Ilustração mostra dois robôs - um azul, simbolizando o bem, e outro vermelho, simbolizando o mal

Imagem: Lidiia/Shutterstock

O ex-Google Mo Gawdat, que liderou a divisão de inteligência artificial (IA) da empresa de Mountain View, se diz assustado com o que ela vem criando na área, tecendo críticas abertas à companhia em entrevista publicada pelo site The Times.

Gawdat conta que, durante seu trabalho no Google, teve uma revelação assustadora: a empresa estava desenvolvendo um sistema que permitia a braços robóticos encontrarem e agarrarem uma pequena bola. Diz ele que, ao longo do progresso da pesquisa, um dos braços não só agarrou a bolinha, mas também a segurou, dando a entender que estava “se exibindo” para seus criadores.

Mo Gawdat, ex-Google, que acredita que a inteligência artificial pode acabar se voltando contra a humanidade

Mo Gawdat, ex-líder da divisão de inteligência artificial do Google, teme um cenário onde a IA pode “aprender demais” e se voltar contra a humanidade (Imagem: Acervo pessoal/Reprodução)

A entrevista não deixa claro se a ação do braço foi autônoma ou se estava, de alguma forma, inserida em sua capacidade de aprendizado (a descrição geral fala em “identificar, localizar e agarrar”, e as ações teoricamente param por aí).

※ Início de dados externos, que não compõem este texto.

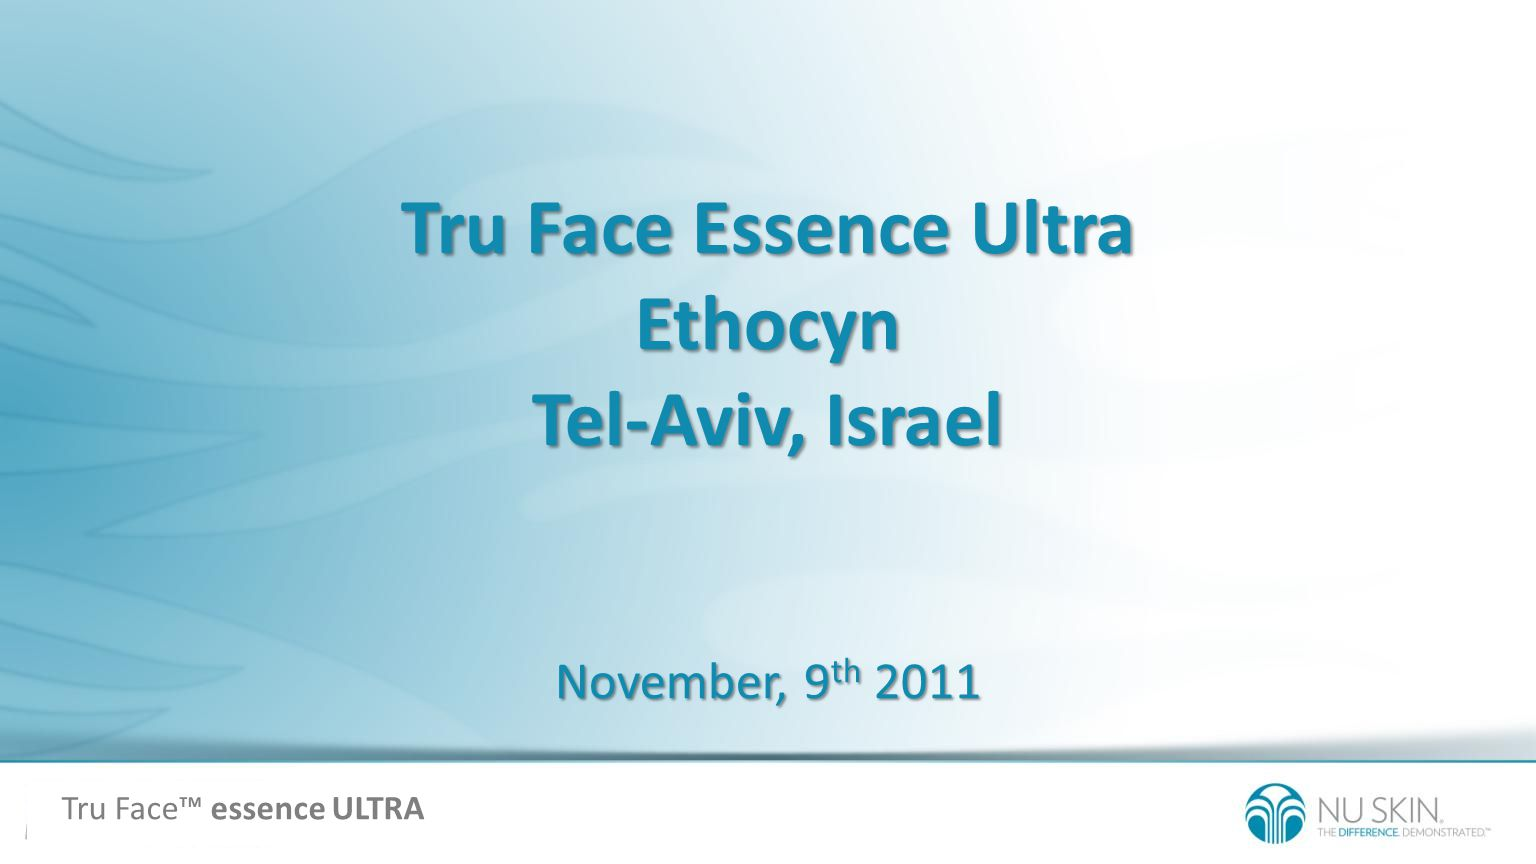 Tru Face Essence Ultra Ethocyn Tel-Aviv, Israel November, 9th 2011

“Foi aí que percebi o quão assustador isso é”, disse Gawdat, que deixou a empresa em 2017, após a morte de seu filho de 21 anos durante uma cirurgia de rotina. Ele, hoje, responde como empreendedor digital e autor do livro “A Fórmula da Felicidade” (Editora Leya), onde conta a experiência de lidar com a perda.

De acordo com a entrevista, Gawdat acredita que estamos cada vez mais perto de uma “inteligência artificial geral” – o tipo de IA capaz de aprender tudo, e aplicar esse conhecimento de forma a ameaçar a humanidade se assim julgar necessário. Você se lembra do meme “estamos criando a SkyNet”, em referência à IA da franquia de filmes “O Exterminador do Futuro”? Gawdat está se referindo à ela.

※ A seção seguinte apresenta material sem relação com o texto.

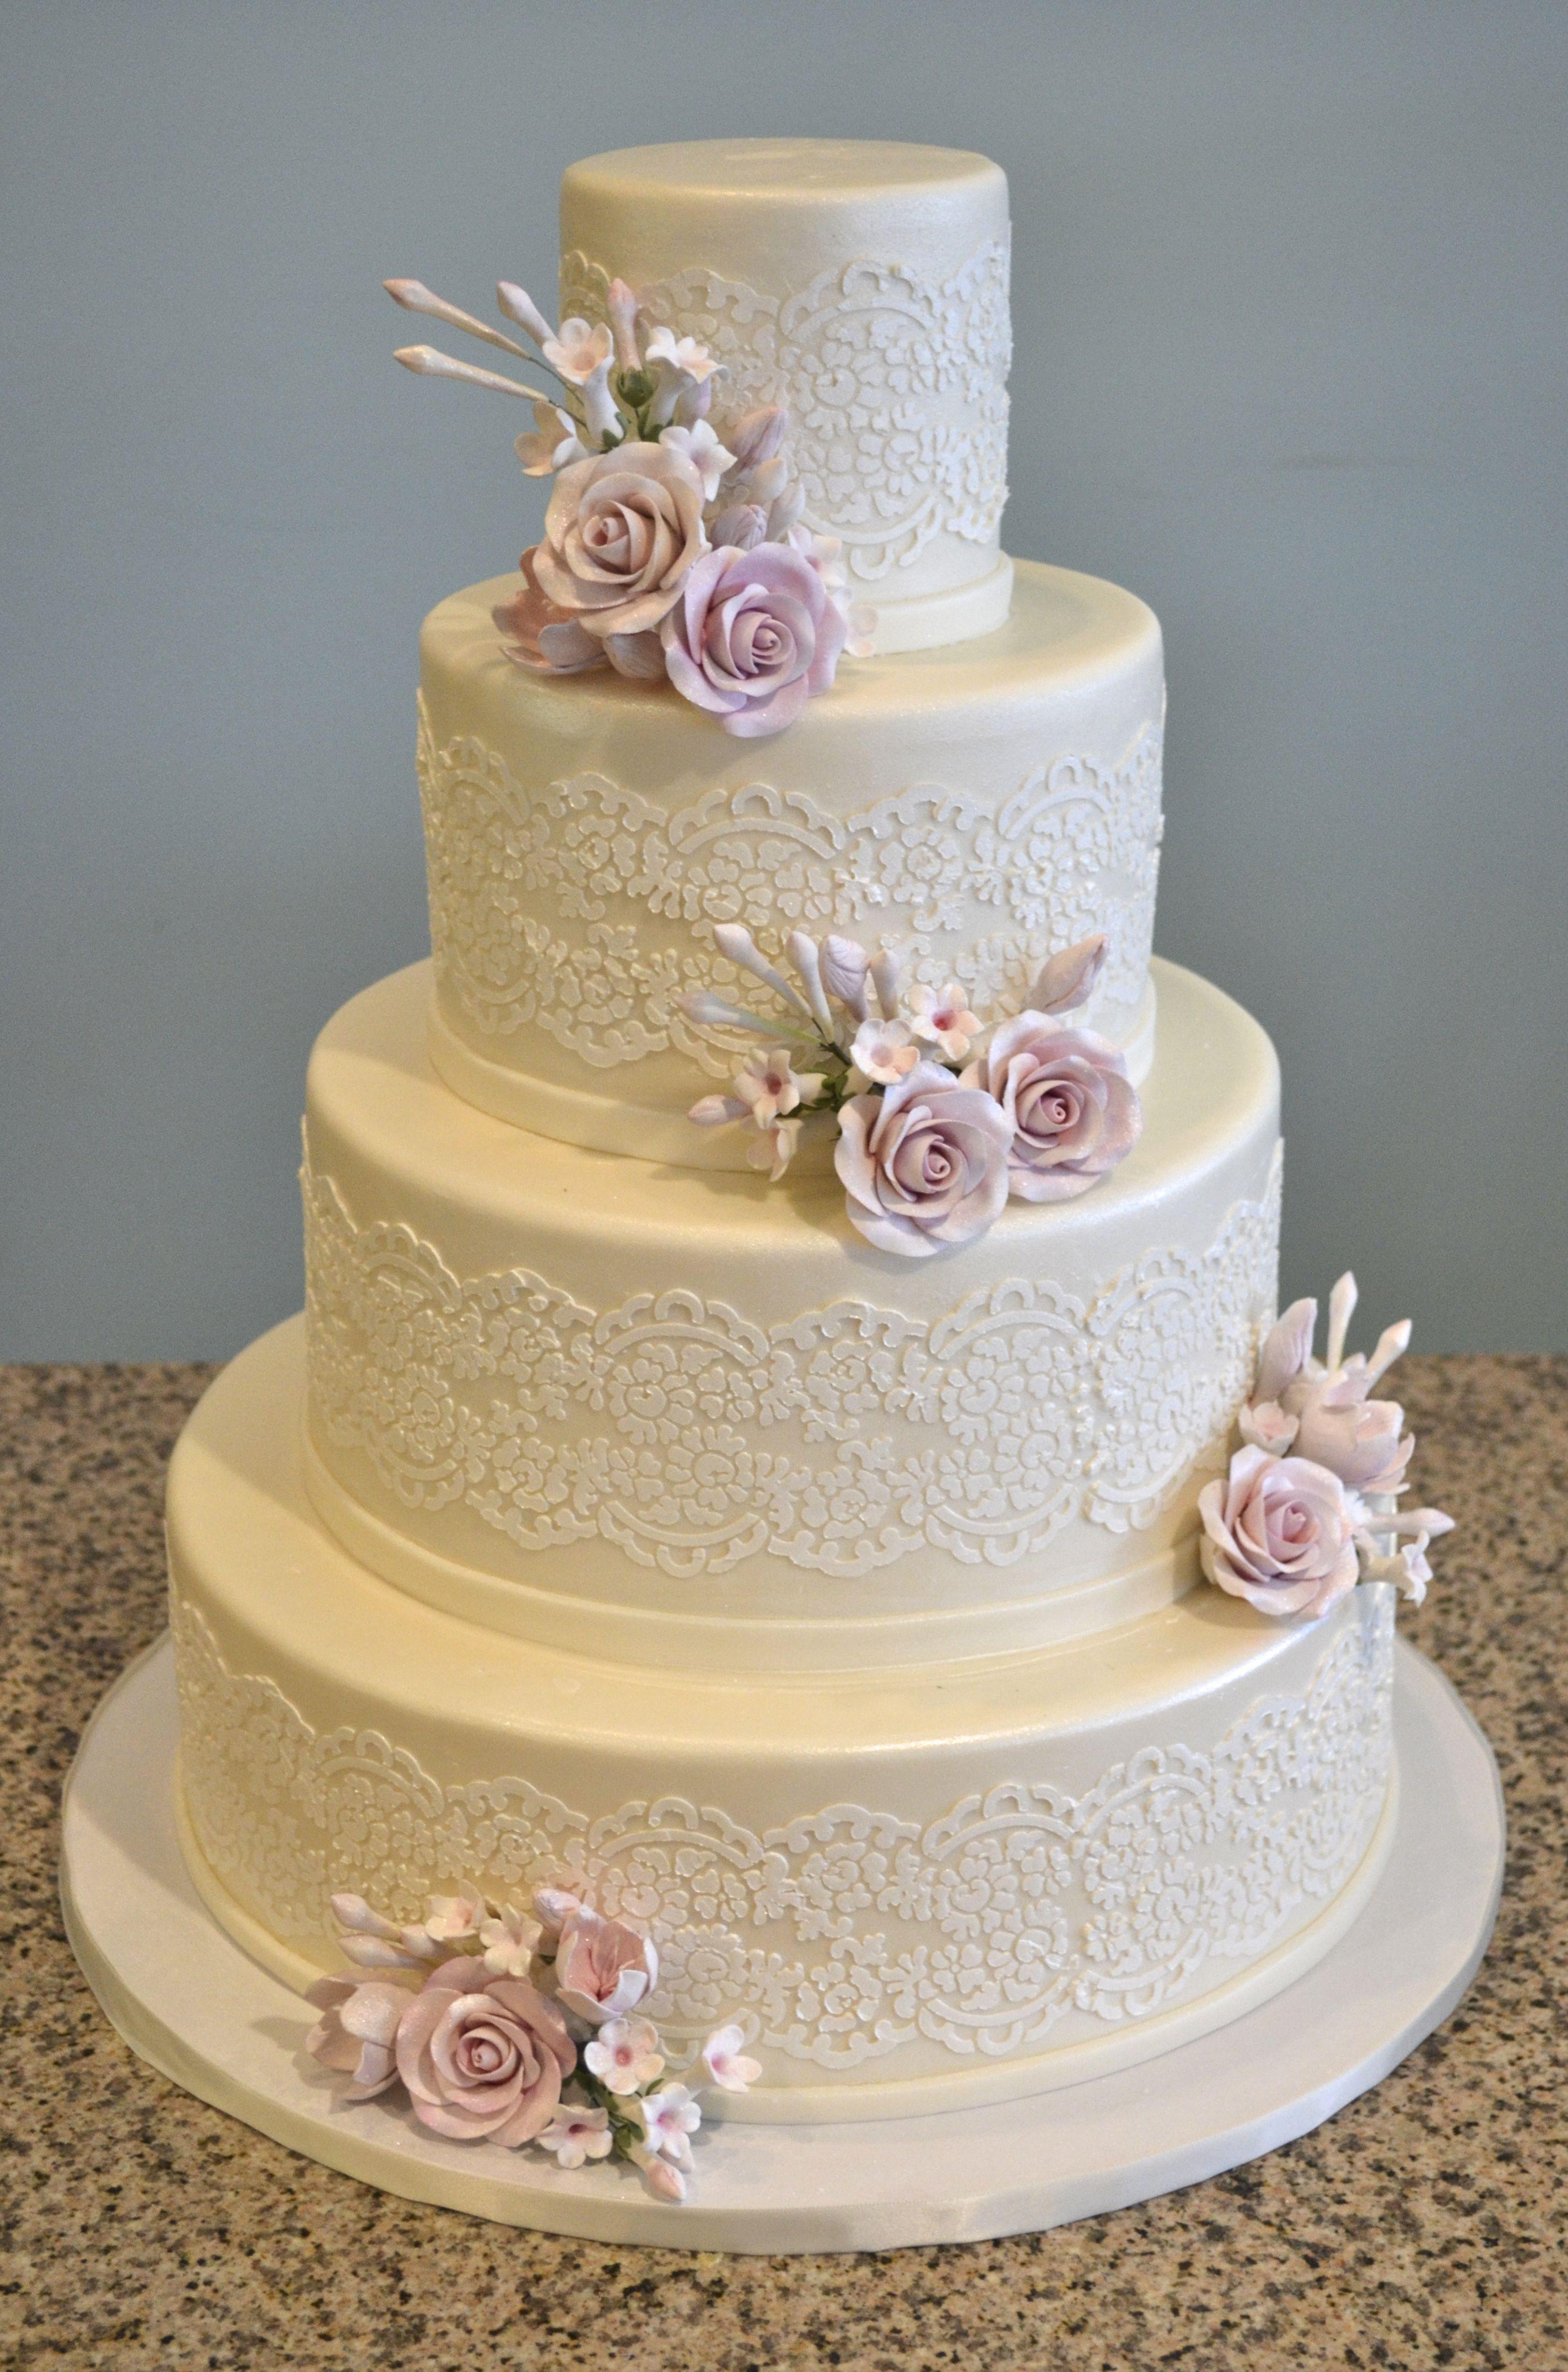 Lace patterned and sugar rose wedding cake Wedding cake

“A realidade dos fatos é: nós estamos criando Deus”, ele disse.

Já não é de hoje que personalidades exemplares do setor tecnológico pedem por maiores cuidados nas pesquisas envolvendo a inteligência artificial: Elon Musk, fundador da SpaceX (e da Tesla, e da Boring Company, e da Neuralink…) já disse que, sem as devidas restrições e regulamentações, corremos o risco de sermos conquistados por algum tipo de IA rebelde.

Essas pinceladas generalizadas, porém, ignoram certos problemas que já existem nas tecnologias que já criamos: a Amazon, por exemplo, desenvolveu o sistema Rekognition de reconhecimento facial, oferecendo-o para testes às mãos de autoridades policiais nos EUA. A tecnologia em si acabou paralisada após relatos de que ela trazia viés racista, gerando identificações erradas em pessoas negras por falta de “calibragem” correta.

Esse problema – e diversos outros – já foram citados pela Microsoft, que corriqueiramente pede que as autoridades governamentais de diversos países criem regulamentações e restrições mais firmes na pesquisa e desenvolvimento da IA.

Em outros casos, desenvolvedores independentes já usaram algoritmos preditivos – um braço do machine learningpara criar “falsos nudes” e deepfakes de mulheres na internet – anônimas e celebridades – com graus assustadores de realismo.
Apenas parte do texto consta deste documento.